In the recent debate on parity of esteem in the House of Lords, Lord Richard Layard said: “I think that we still live in the materialistic shadow of William Beveridge. As noble Lords know, he identified five great giants—poverty; unemployment; undereducation; poor housing; and physical illness—but he omitted the problems of the human spirit within. This has caused us decades of unnecessary misery. It is time to name the sixth giant, the great, hidden problem in our society, and that is mental illness.”

We must take our minds as seriously as we take our bodies – to look after ourselves in the whole – from top to bottom and from inside to out. And we must be aware of the scale of the challenge on a personal level but on a societal level to: to be supportive, to be equipped and to be educated.

 

The next episode of Bedlam focuses on psychosis and is aired on Thursday at 9pm. 
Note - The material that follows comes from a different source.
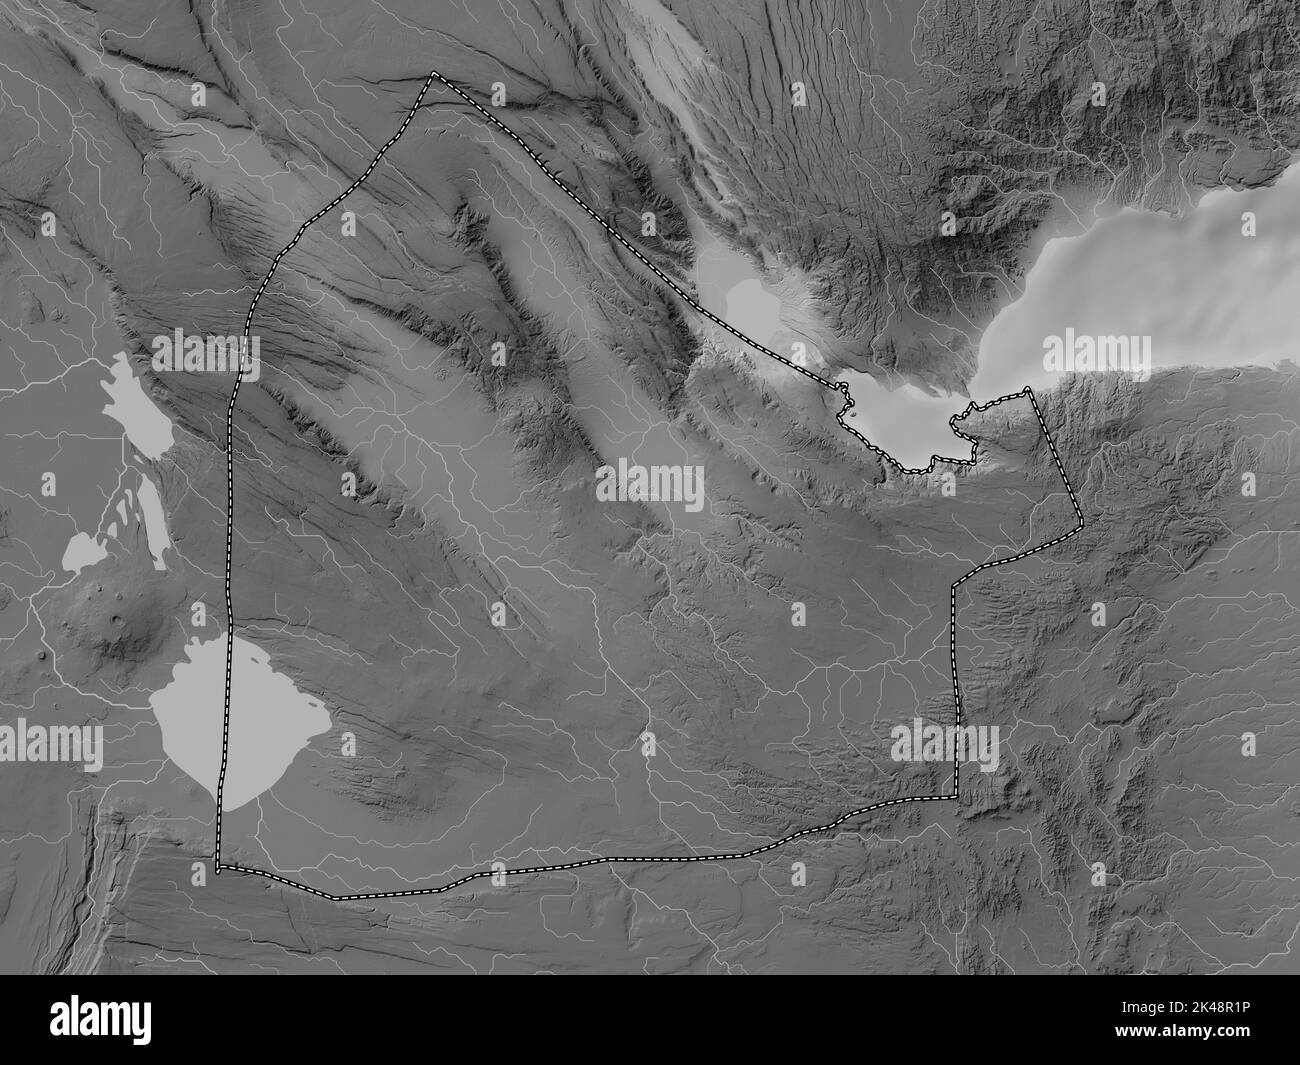 Dikhil, region of Djibouti. Grayscale elevation map with lakes and rivers Stock Photo

Sofie Jenkinson is Media and Communications Officer at Centre for Mental Health, former Editorial Assistant at the Fabian Society and member of the Fabian Women’s Network Executive.

2 Comments:

  1. Rodney Yates

    Being able to talk in safety…

    Open Dialogue

    ~ Why does the Open Dialogue approach work so well? ~

    Tread softly because you tread on my dreams
    W.B. Yeats

    Schizophrenia is never being able to trust your senses: we see things which ‘are not there’; we hear what no one else does. We therefore live precariously, with a terrific amount of uncertainty and confusion for long periods of time. This is also an experience particular to individuals.
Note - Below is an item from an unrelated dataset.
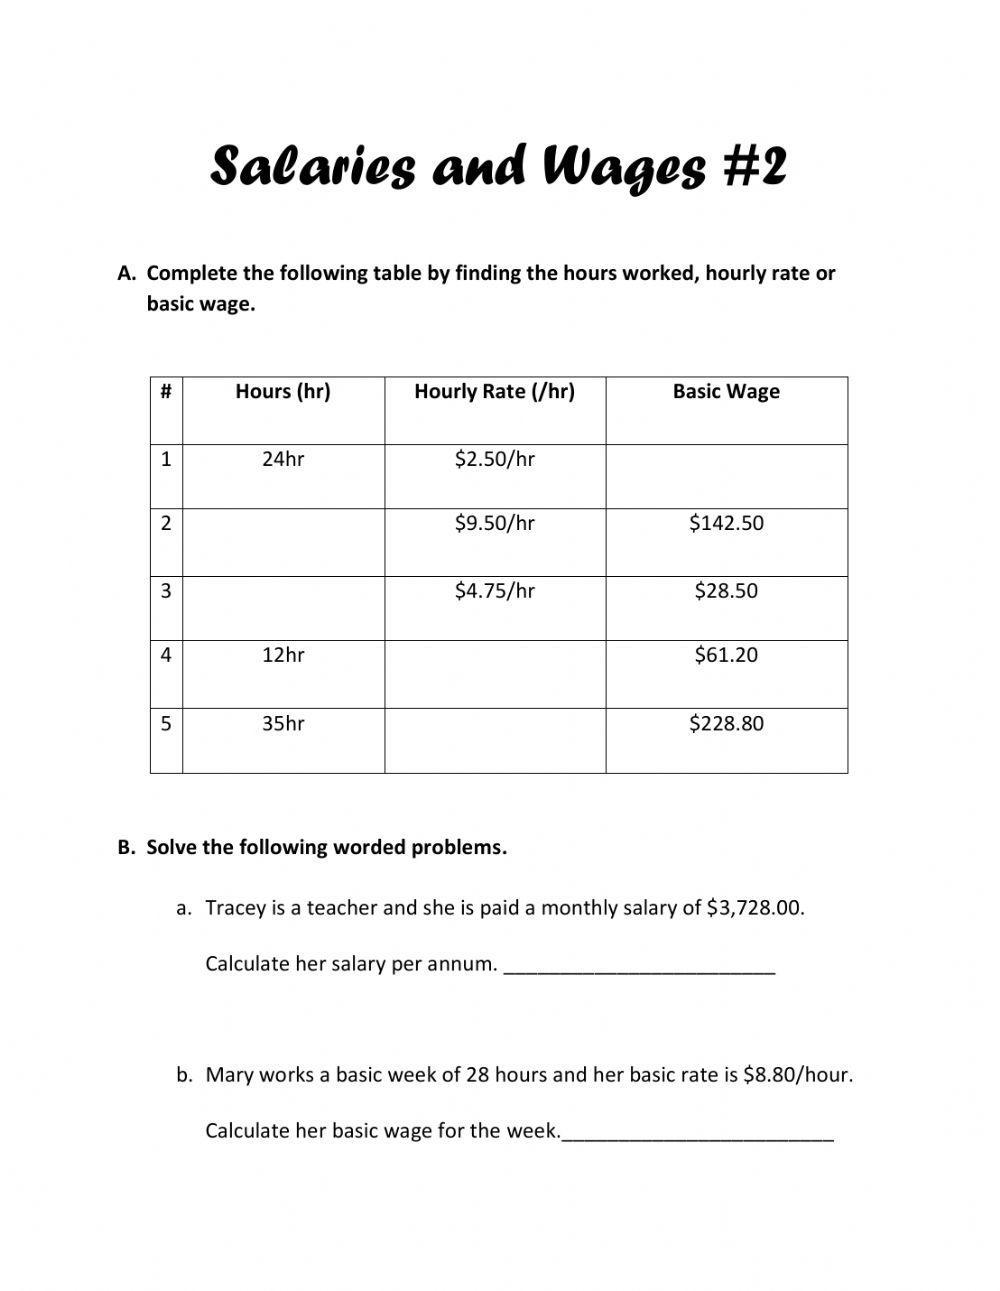 Wages and Salaries

    The Open Dialogue approach gives due recognition to this and seeks to tentatively
    explore exactly what is happening in the lives of individual clients and to find ways
    forward which grow out of current predicaments, evolving solutions to expressed difficulties and weighing each tread-fall with care and attention.

    This is done through the medium of ongoing exploratory treatment meetings which are convened with all the people connected in the social network of the client in attendance and contributing from their perspectives, with as many meetings as it takes to evolve and become the solution and resolution of the difficulties expressed and experienced, finding a way forward launched from the dialogue taking place. This open and thorough dialogue finds a language to best express the realities of life from client-perspectives,
    exploring these towards outcomes which everyone present can approve and give consent to.

    This is a true and meaningful discernment of what is happening in the life of the client. The care taken in achieving this accuracy is well-rewarded in rendering complex issues accessible to practical solutions and removing scope for mis-understanding and discord
    later; maybe this process of ascertaing the facts wll not have to be visited and revisited again, having uncovered the truth at first onset.

    No one jumps to conclusions or imposes stock remedies or solutions, because it is better not to have answers than to apply the wrong ones. When the whole topic is explored with everyone present and conferring, the way forward can become much clearer, with all possibilities explored and only the feasible solutions ruled in. Any sense of
    compulsion is banished from the proceedings and the approach is sensitive,
    commensurate and quite beautiful in its simplicity. Why would it not work!

    So instead of discounting and disregarding the words of people with schizophrenia, these have taken centre-stage. Open Dialogue practitioners are listening carefully and non-judgmentally to the narratives of people with first-onset schizophrenia in a quest to
    ascertain appropriate care and treatment -without naming it. Is this a Revolution?
    What do we all think of this?

    Rodney Yates
    Open Dialogue Nottingham
    http://www.facebook.com/nottinghamopendialogue
    http://hypoconcer.ning.com
    December 2013

    Reply
  2. Anthony Sperryn

    All you need is love (well, almost all you need).
    If there’s none there, and we’re all too busy ourselves, trying to survive, what then?
    There is nanny state.
    But, does nanny state care? Stupid question – only if it’s within budget.